Dynamic Configuration

# settings.py - Dynamic configuration
from datetime import datetime
import socket

class DynamicConfiguration:
    @staticmethod
    def generate_job_id(spider_name, environment='dev'):
        timestamp = datetime.now().strftime('%Y%m%d_%H%M%S')
        hostname = socket.gethostname()
        return f'{environment}_{spider_name}_{hostname}_{timestamp}'

    @staticmethod
    def get_database_url(environment='development'):
        db_configs = {
            'development': 'postgresql://dev:dev@localhost:5432/scrapy_dev',
            'staging': os.getenv('STAGING_DB_URL'),
            'production': os.getenv('PRODUCTION_DB_URL'),
        }
        return db_configs.get(environment)

    @staticmethod
    def get_performance_settings(environment='development'):
        settings_map = {
            'development': {
                'concurrent_requests': 8,
                'download_delay': 1,
                'batch_size': 100,
            },
            'staging': {
                'concurrent_requests': 16,
                'download_delay': 0.5,
                'batch_size': 500,
            },
            'production': {
                'concurrent_requests': 32,
                'download_delay': 0.1,
                'batch_size': 1000,
            }
        }
        return settings_map.get(environment, settings_map['development'])

# Apply dynamic configuration
env = os.getenv('SCRAPY_ENV', 'development')
dynamic_config = DynamicConfiguration()

DB_URL = dynamic_config.get_database_url(env)
JOB_ID = dynamic_config.generate_job_id('products', env)

perf_settings = dynamic_config.get_performance_settings(env)
CONCURRENT_REQUESTS = perf_settings['concurrent_requests']
DOWNLOAD_DELAY = perf_settings['download_delay']

Configuration Testing

Unit Testing Configuration

import unittest
from scrapy_item_ingest.config import Settings, validate_settings

class TestConfiguration(unittest.TestCase):
    def test_valid_configuration(self):
        settings = Settings()
        settings.DB_URL = 'postgresql://test:test@localhost:5432/test_db'
        settings.CREATE_TABLES = True
        settings.JOB_ID = 'test_job'

        errors = settings.validate()
        self.assertEqual(len(errors), 0)

    def test_invalid_database_url(self):
        settings = Settings()
        settings.DB_URL = 'invalid://url'

        errors = settings.validate()
        self.assertGreater(len(errors), 0)
        self.assertTrue(any('database' in error.lower() for error in errors))

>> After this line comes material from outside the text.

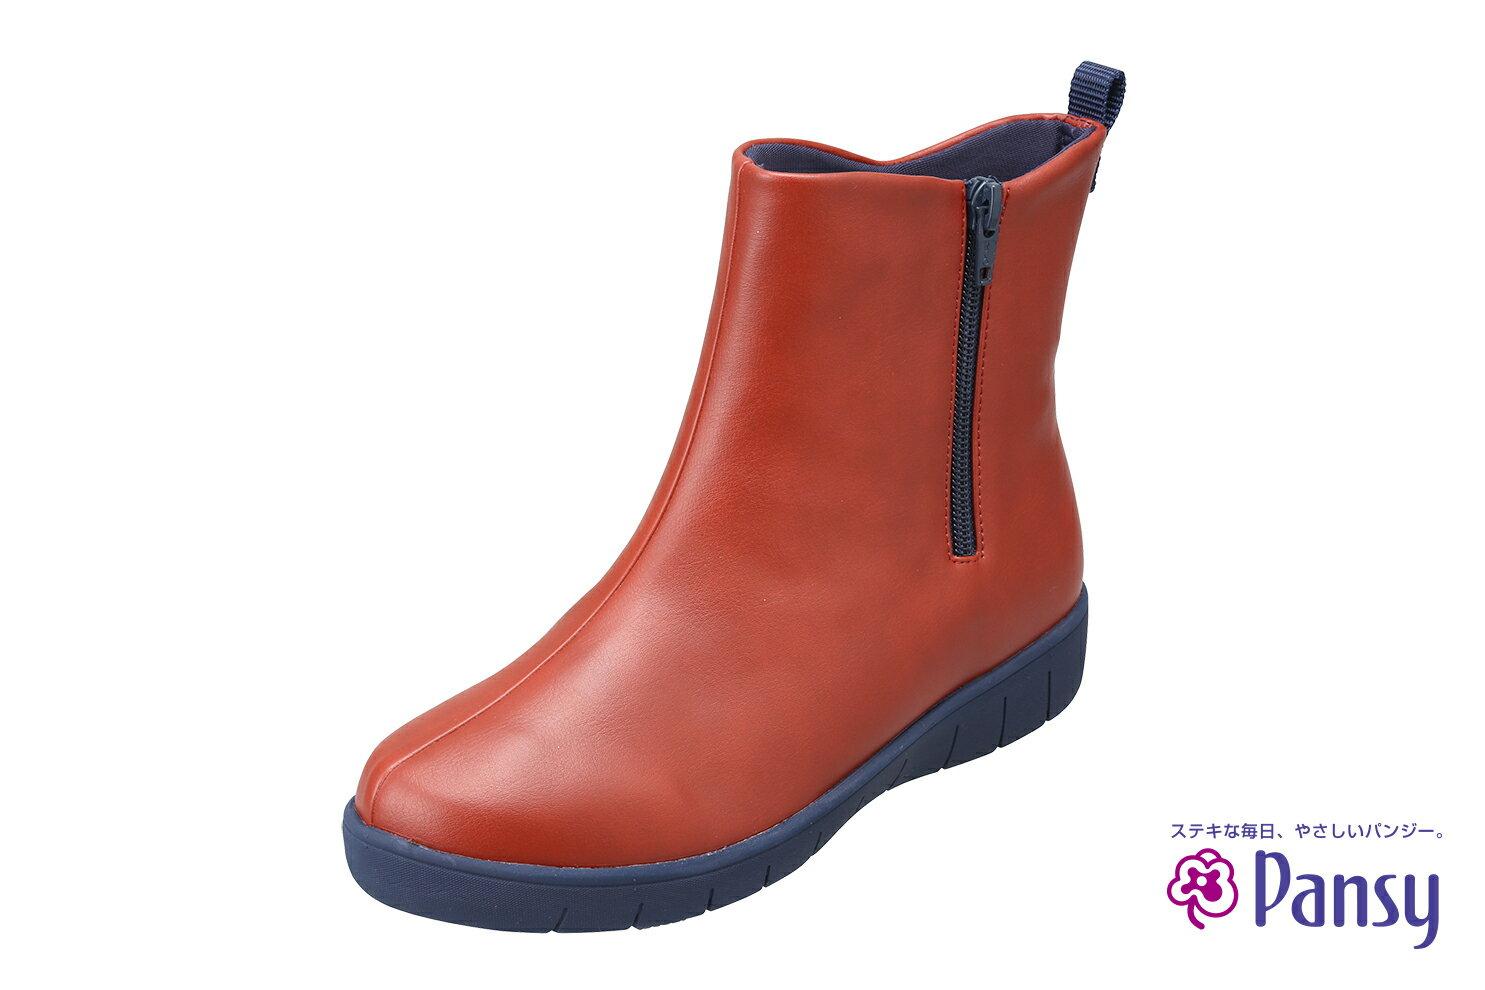 PANSY 女性 時尚撞色 短筒雨鞋 QA4944 7

    def test_missing_required_settings(self):
        settings = Settings()
        # Don't set DB_URL

        errors = settings.validate()
        self.assertGreater(len(errors), 0)
        self.assertTrue(any('DB_URL' in error for error in errors))

Integration Testing

def test_configuration_integration():
    # Test with actual Scrapy settings
    from scrapy.settings import Settings as ScrapySettings

    scrapy_settings = ScrapySettings()
    scrapy_settings.set('DB_URL', 'postgresql://test:test@localhost:5432/test')
    scrapy_settings.set('CREATE_TABLES', True)

    # Validate with our validator
    errors = validate_settings(scrapy_settings)
    assert len(errors) == 0, f"Configuration errors: {errors}"